The Best Box Score

Methodology

Every metric on The Best Box Score is computed from raw play-by-play and pitch-level data. No made-up weights, no borrowed analysis, no black boxes. Every number traces back to counted historical occurrences.

Philosophy

We build original analysis from public data. Our win probability model, ump audits, leverage calculations, and game narratives are our own work — not reproductions of what other sites publish.

Three principles guide every metric we ship:

  1. Fully data-driven. Every probability and weight traces to counted occurrences in historical data. No expert judgment, no assumed distributions.
  2. Show the receipts. Any number on the site can be drilled into: the underlying sample size, the source dataset, and the exact calculation.
  3. Transparent uncertainty. Where we're estimating, we say so. Confidence intervals come from the data itself, not assumptions.

Win Probability Model

Our win probability model uses pre-computed lookup tables derived from over 120 years of MLB game outcomes. For any combination of inning, batting team, outs, base runners, and score differential, we know the historical probability that the home team wins.

Win Expectancy Tables

The foundation is Greg Stoll's win expectancy tables, computed from Retrosheet play-by-play data spanning 1903–2024. This covers 16,094 unique game states across 15+ million historical games.

Example receipt: Bottom of the 9th, 2 outs, bases loaded, tie game — the home team won 4,521 of 8,934 such games historically (50.6%).
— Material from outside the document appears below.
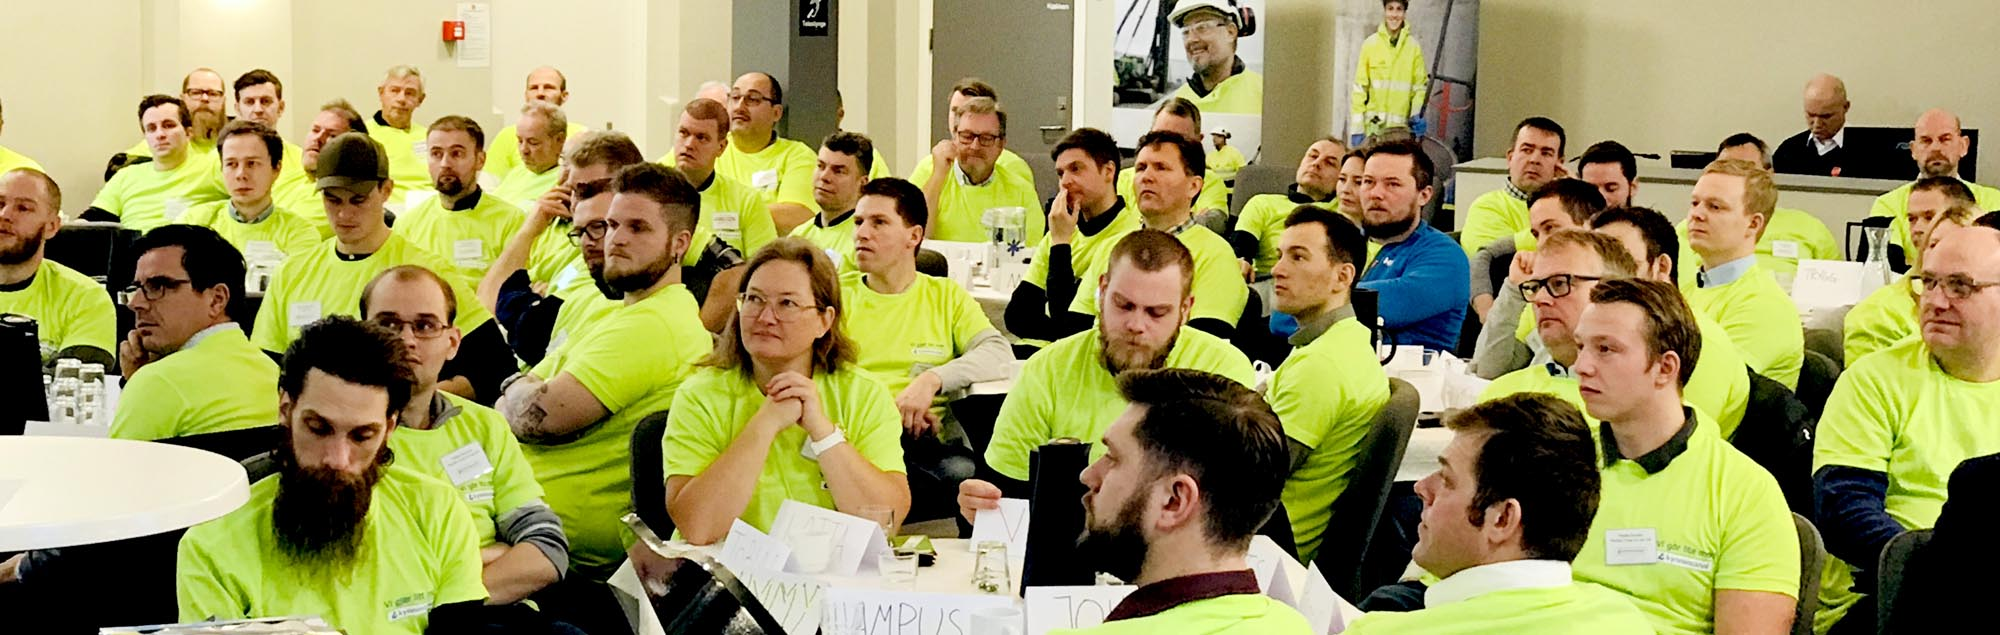 HMS-dag: kommunikation och medarbetarskap

That's not a model prediction. It's a counted fact.

Game State Definition

Each game state is defined by five dimensions:

Inning:       1 through 9+ (extra innings normalized to 9)
Batting team: Home (bottom) or Visitor (top)
Outs:         0, 1, or 2
Runners:      8 configurations (empty through bases loaded)
Score diff:   Home score minus away score (clamped to ±10)

WPA (Win Probability Added)

The WPA for each play is simply the change in win probability from one state to the next. A bases-clearing double in the 9th of a tie game produces a large WPA swing. A routine groundout in a blowout produces almost none.

WPA = Win Probability (after play) − Win Probability (before play)

The interactive chart on each game page plots win probability after every play, showing the full narrative arc of the game.

Counterfactual Analysis

Our most original contribution is a unified counterfactual framework for measuring the impact of events that change the count — most notably, missed umpire calls. Instead of asking “what did happen?” we ask “what would the expected outcome have been with the correct call?”

The Core Formula

Impact = E[WPA | counterfactual count] − E[WPA | actual count]

Where the expected WPA at any count is:

E[WPA | count] = Σ P(outcome | count) × WPA(outcome | game state)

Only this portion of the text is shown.